# PROVIDED MATERIAL:
______________________________
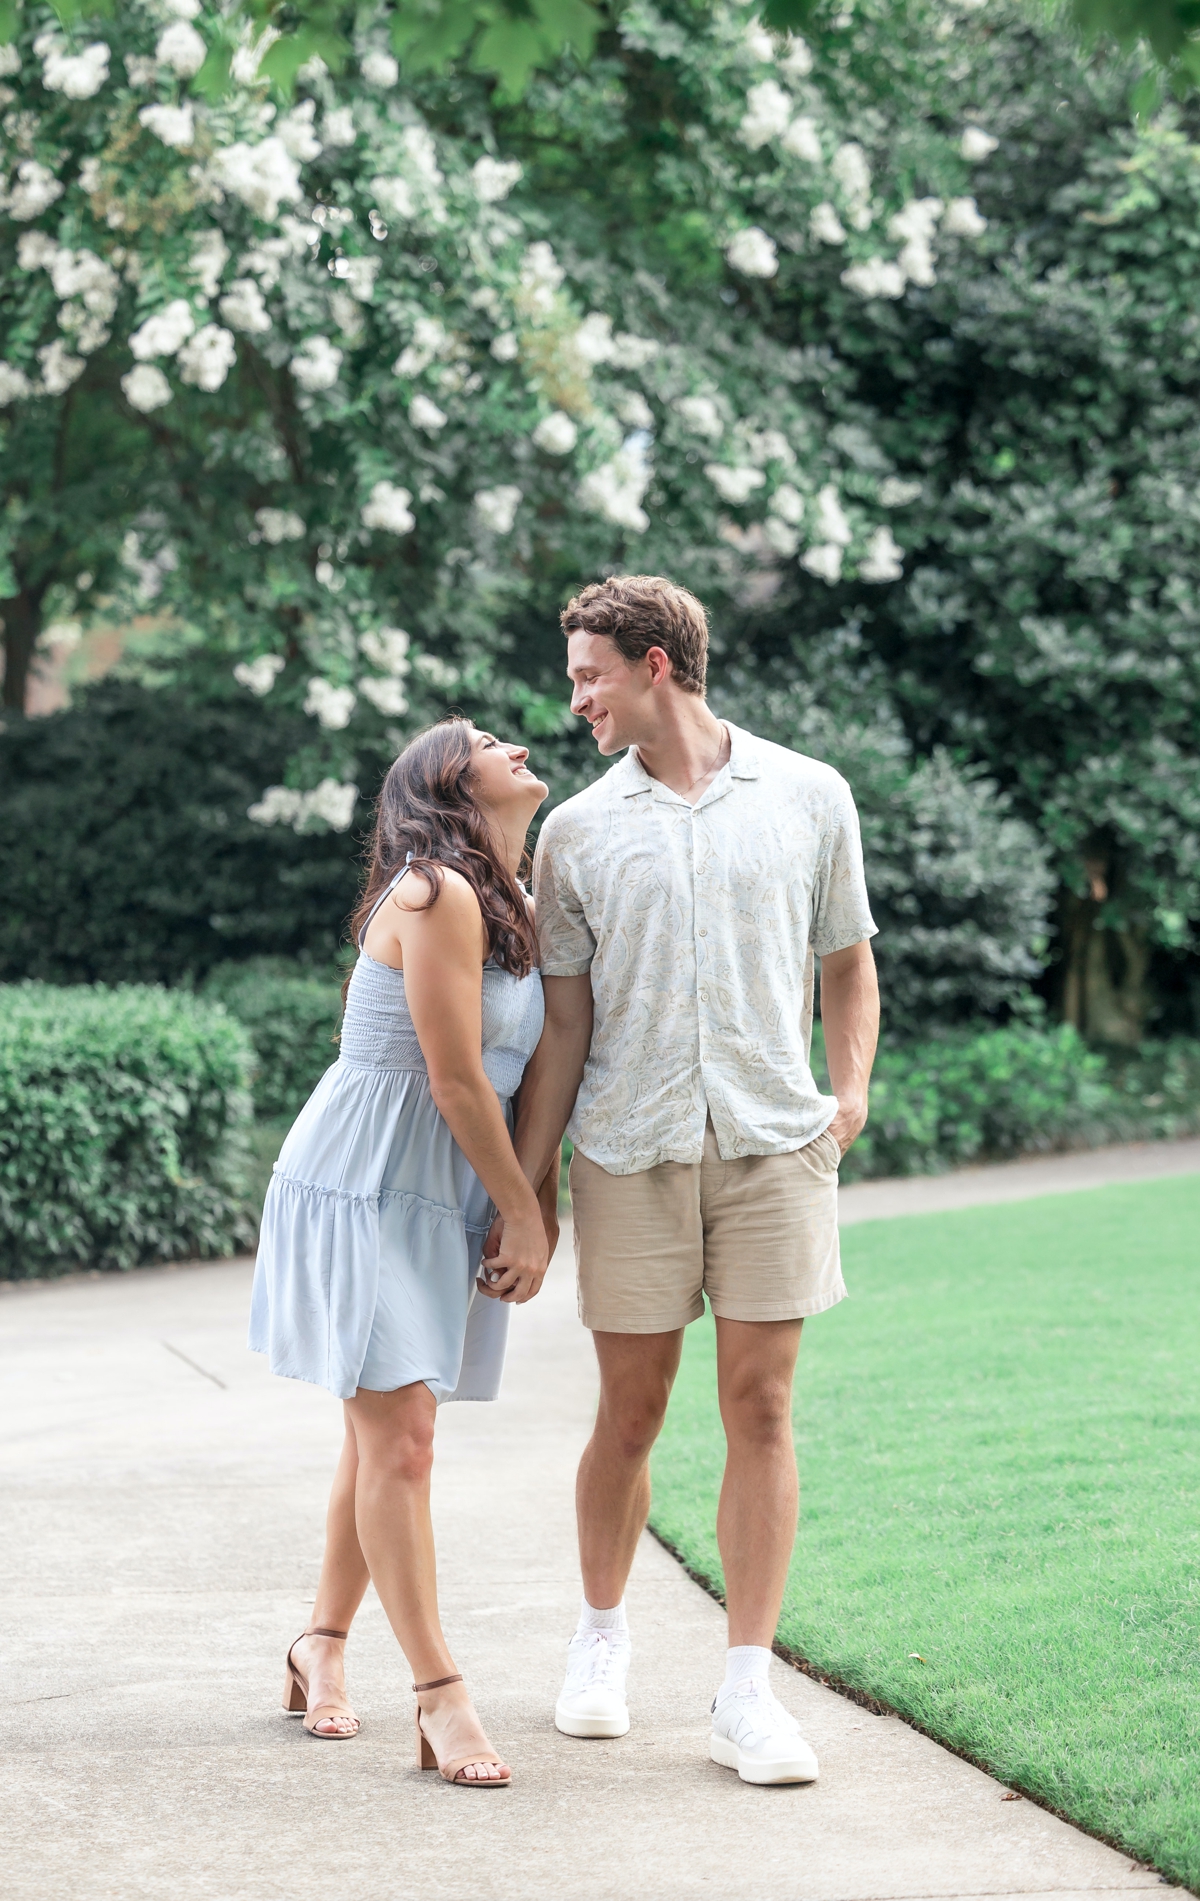 Brooke holding Isaac's hand while she laughs up at him as they walk through Piedmont Park during their portrait session.
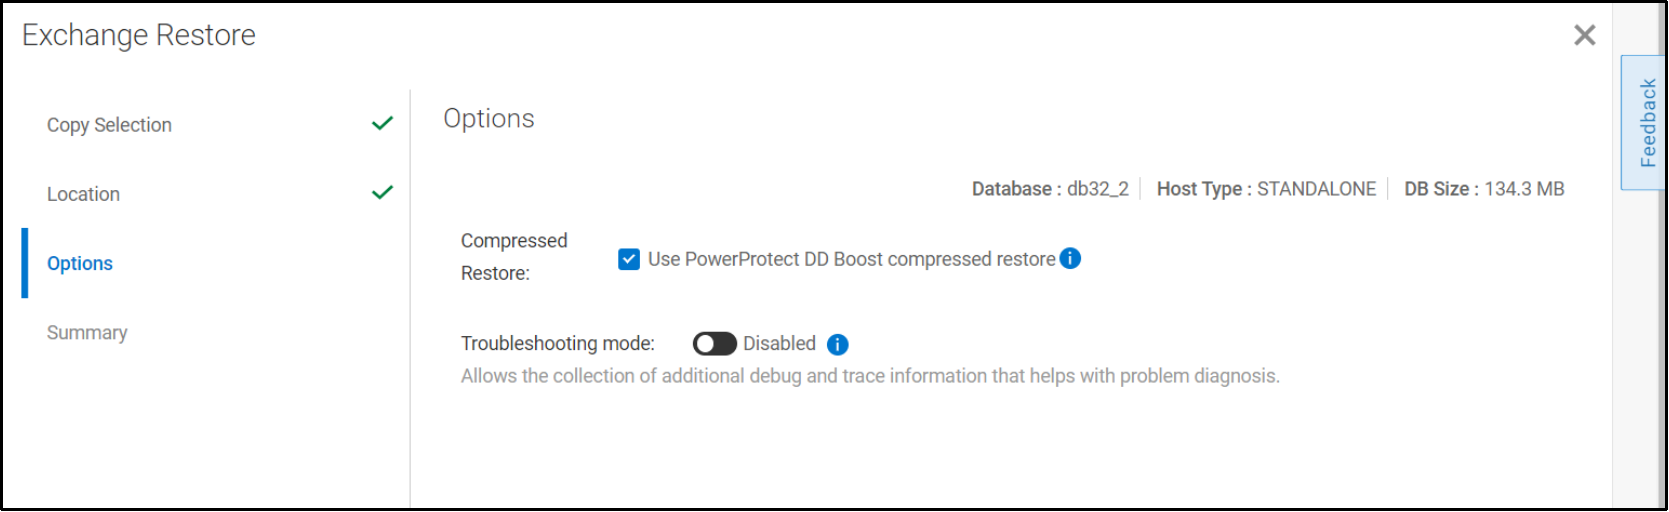 The image shows option to select PowerProtect DD compressed restore.
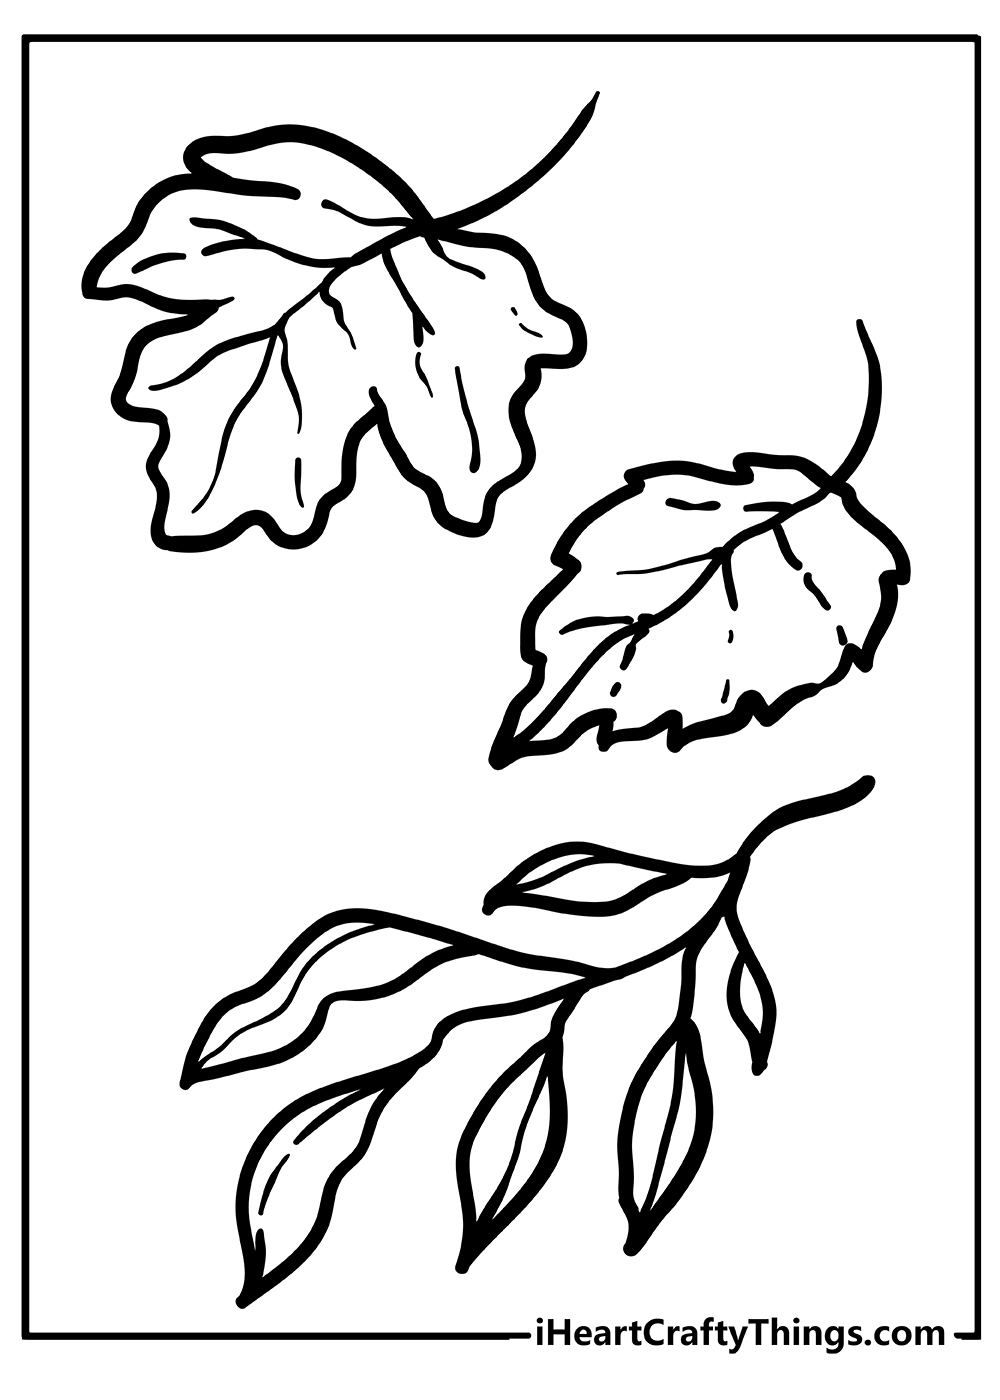 Fall Leaves Coloring Pages for adults free printable
______________________________
# INSTRUCTIONS FOR THE TASK:
Please restate the data word for word, leaving out any picture it holds.

# ANSWER AREA:
 Brooke holding Isaac's hand while she laughs up at him as they walk through Piedmont Park during their portrait session.
 The image shows option to select PowerProtect DD compressed restore.
 Fall Leaves Coloring Pages for adults free printable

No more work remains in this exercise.